The changes have been evolutionary, and over a single person’s lifetime not all that dramatic. However the cumulative effect from the start to now is dramatic. Right now the church views any revelation or miraculous event originating with a woman as suspicious. It was so markedly contrary to this trend when a mission president’s wife foretold the Chilean earthquake, and the Meridian Magazine covered the event without any notice that the message came through the wife, that I linked to that article on this blog. The article presumed the propriety of the inspiration. But the message came to the wife, not the mission president. That would be an un-correlated event today, and there is an existing infrastructure that would frown on that. Happily the event was not questioned, but instead celebrated.

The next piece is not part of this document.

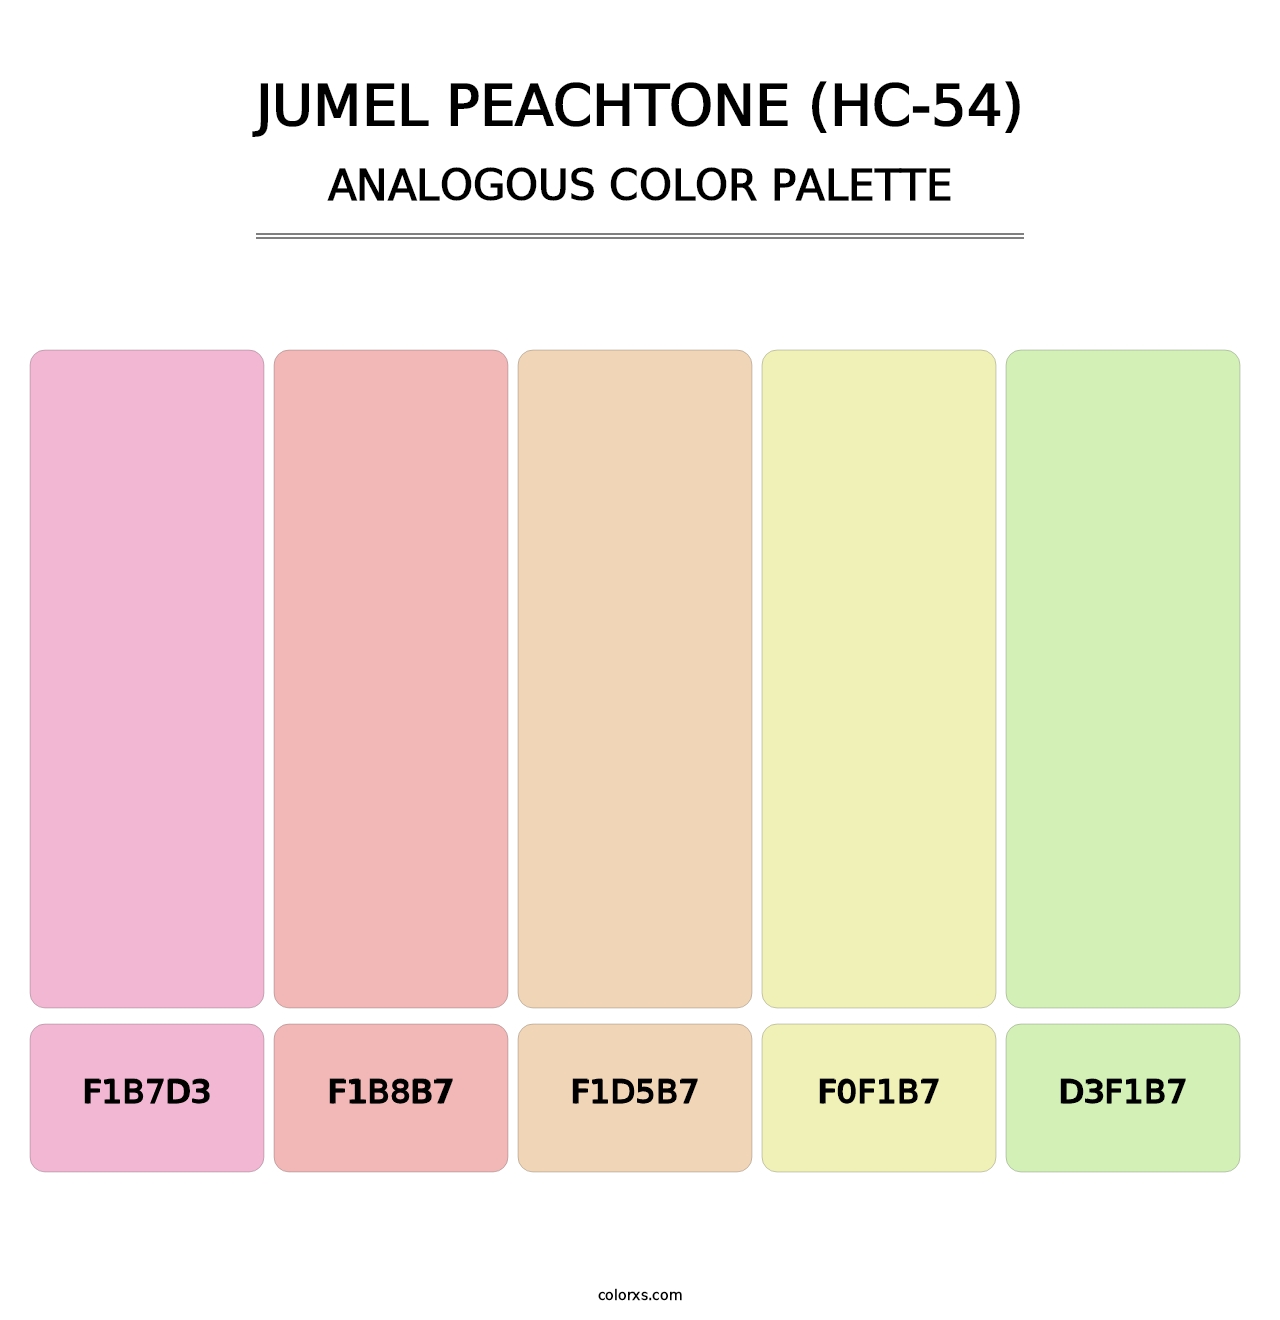 Jumel Peachtone (HC-54) - Analogous Color Palette

The “cult of personality” has been extended to cover everything. You name it it is now covered. Take any complaint at all: The chapel paint is hideous! Well, there are those who will argue that the chapel’s paint is chosen by the regular authorities of the church, who are chosen by the prophet, and your complaint about the paint color is really questioning the Prophet of God’s authority. Therefore you are on the road to apostasy….
It doesn’t matter the subject. The argument works by extension to everything. The Bishop cheated his business partner: You shouldn’t question that because … yada, yada, .. you’re questioning the Prophet of God. Therefore you are on the road to apostasy.
Try: My child was molested by her primary teacher. Oddly enough it even works there, too. At least there are many people willing to apply that by extension to every ridiculous proposition advanced. So the cult of personality has now assumed a front and center position to curtail discussion, debate or consideration of even healthy alternatives to the way things are. EVERYTHING is inspired. EVERYTHING, by extension, is happening because a “Prophet of God” has made it so. Therefore unless you concede that “All is Well in Zion” you are questioning the “Prophet of God” and on the road to apostasy.
The stifling effect of this is pernicious. It is not a view shared at the top. In fact, the brethren preach against this notion, but to no avail. I have coined the term “Brethrenites” to describe the result of this cult of personality in my book Eighteen Verses. There’s a chapter in there that discusses this problem.
Crap, this is going to take longer than I thought. Well, here we go again. This will be “Part One” and I’ll continue this with something more.